:: RECORDED DATA ::

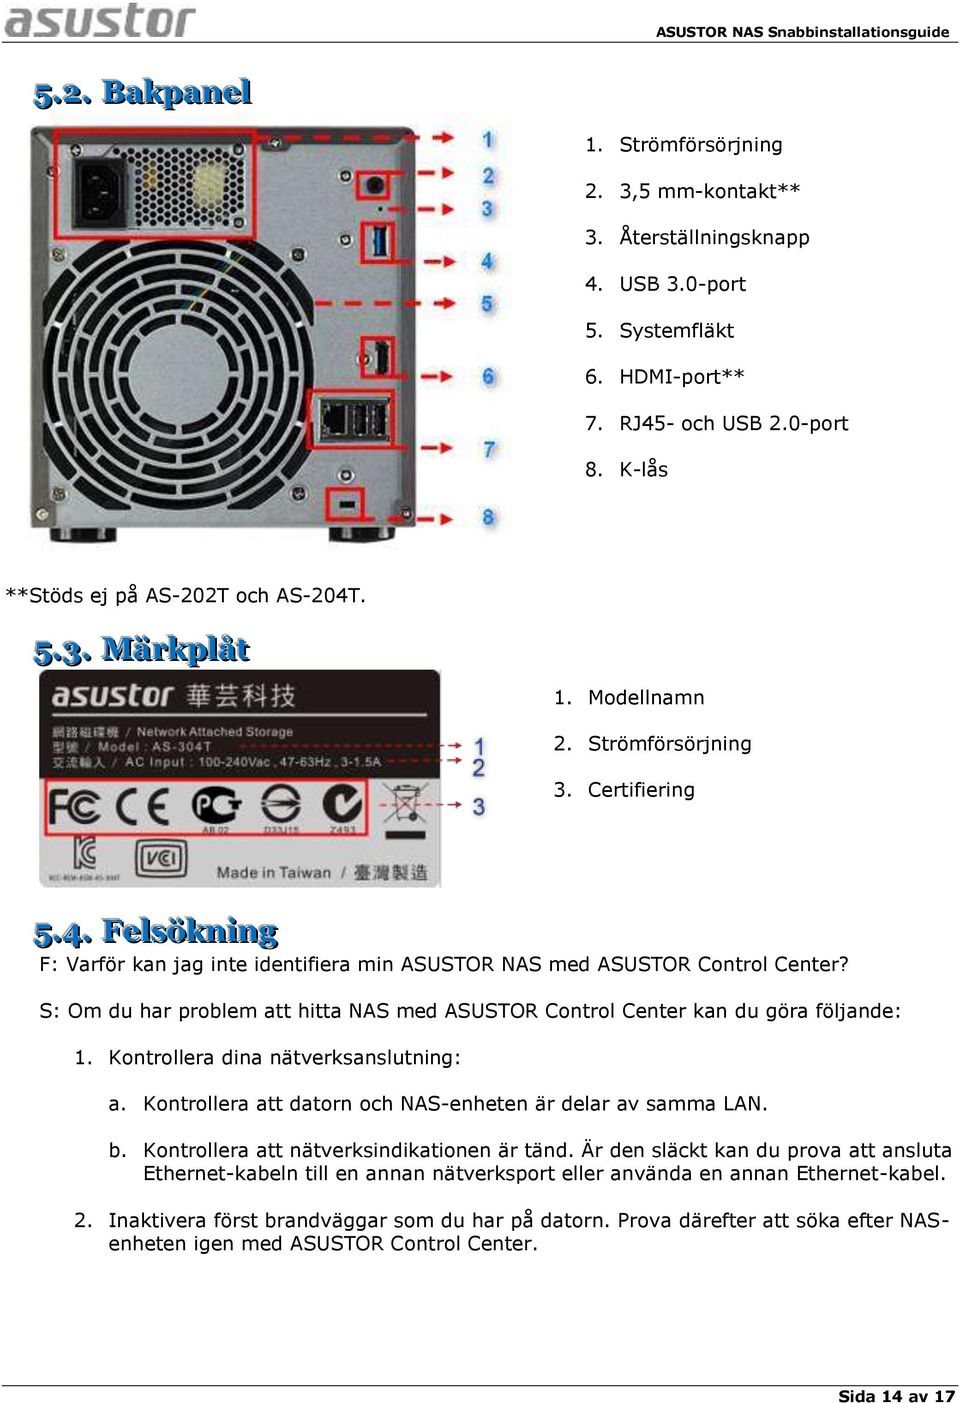 S: Om du har problem att hitta NAS med ASUSTOR Control Center kan du göra följande: 1. Kontrollera dina nätverksanslutning: a. Kontrollera att datorn och NAS-enheten är delar av samma LAN. b.
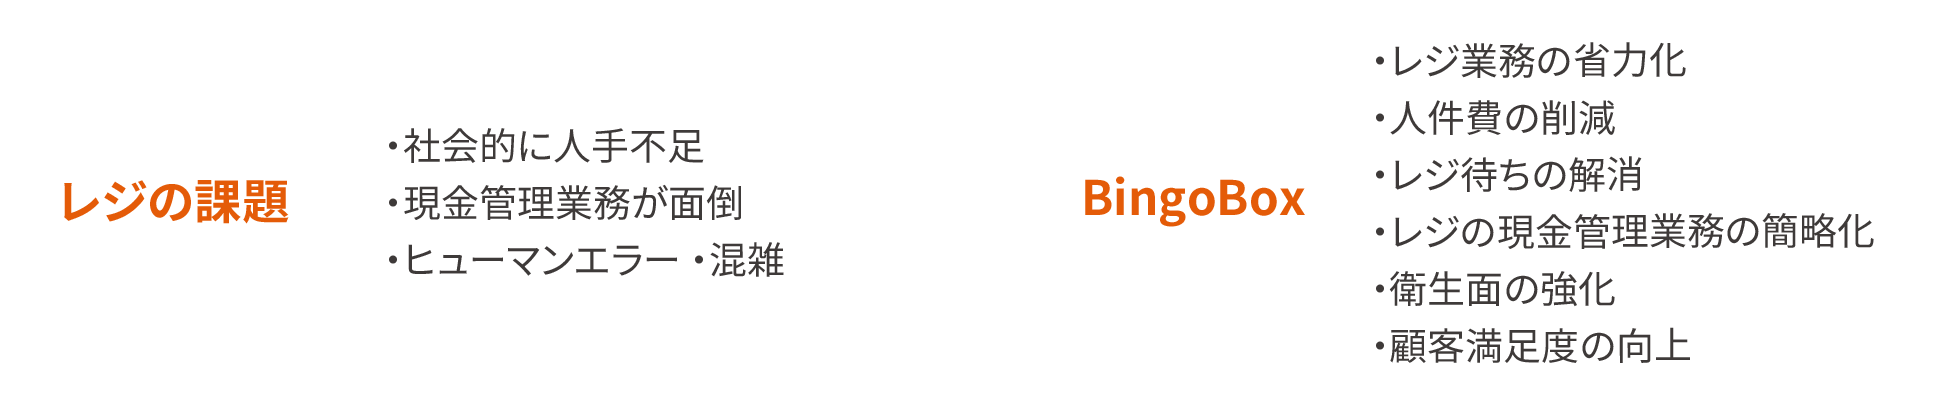 レジの課題、BingoBox
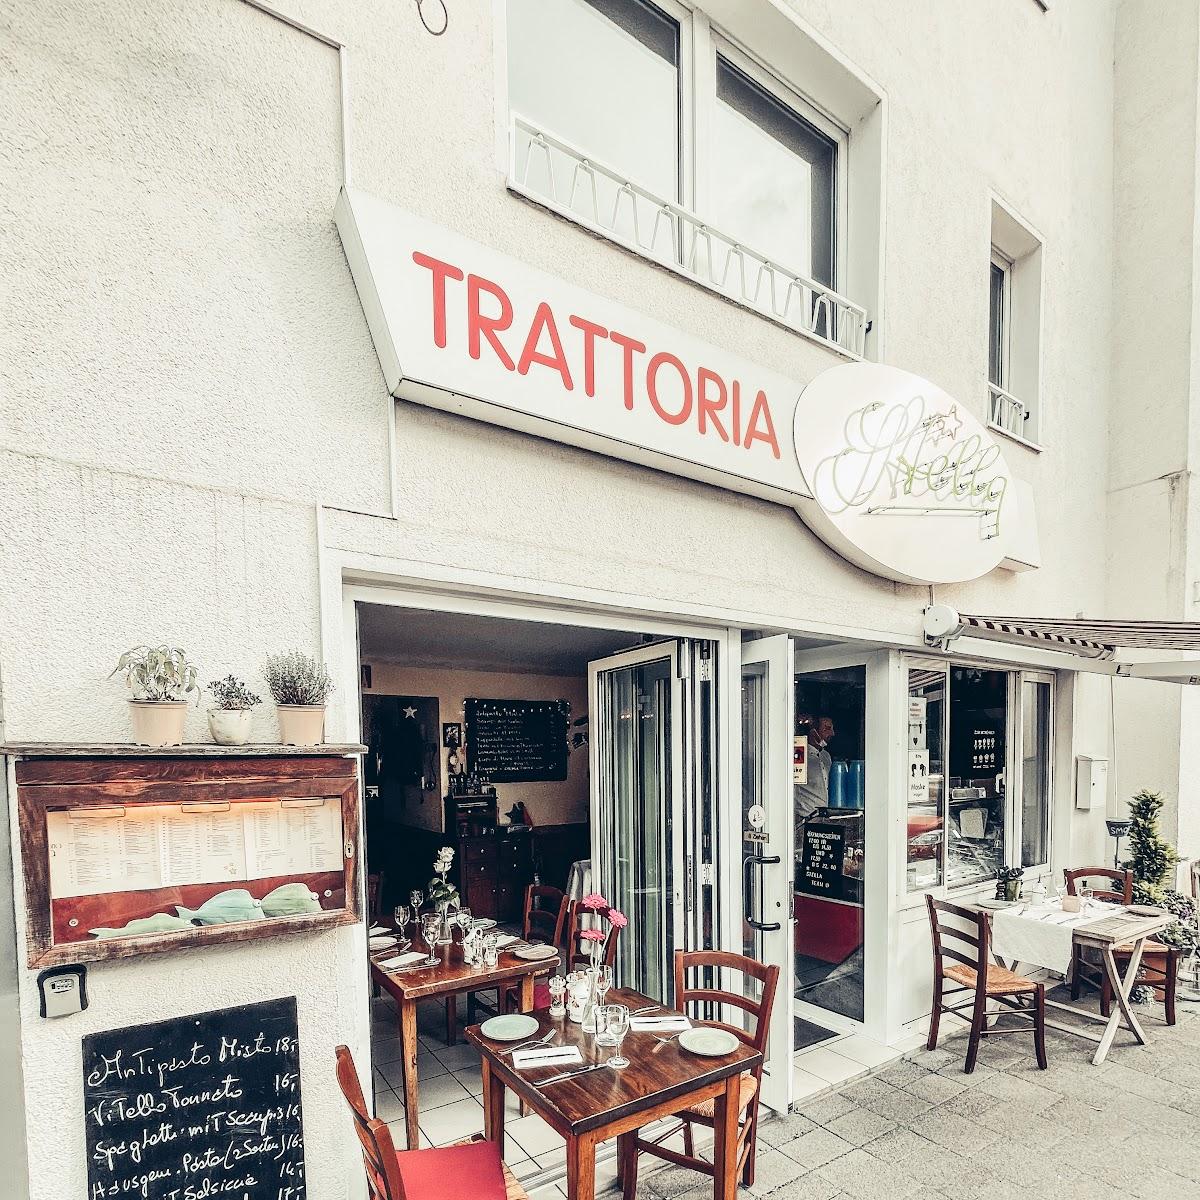 Restaurant "Trattoria Stella" in Köln
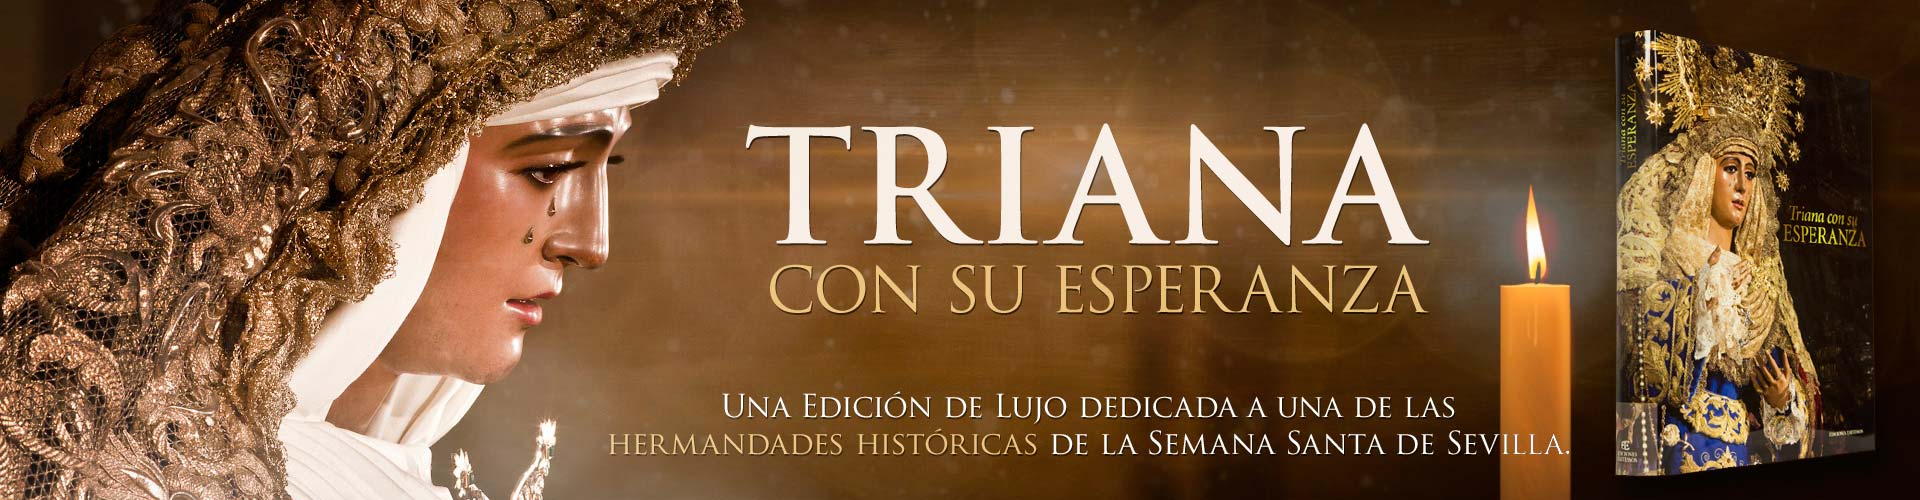 Esperanza de Triana: El mayor libro dedicado a una hermandad histórica de la Semana Santa de Sevilla.

:::

TASK PROMPT:
Without including any picture, output all the material exactly as it appears.

EXPECTED OUTPUT:
 S: Om du har problem att hitta NAS med ASUSTOR Control Center kan du göra följande: 1. Kontrollera dina nätverksanslutning: a. Kontrollera att datorn och NAS-enheten är delar av samma LAN. b.
 レジの課題、BingoBox
 Restaurant "Trattoria Stella" in Köln
 Esperanza de Triana: El mayor libro dedicado a una hermandad histórica de la Semana Santa de Sevilla.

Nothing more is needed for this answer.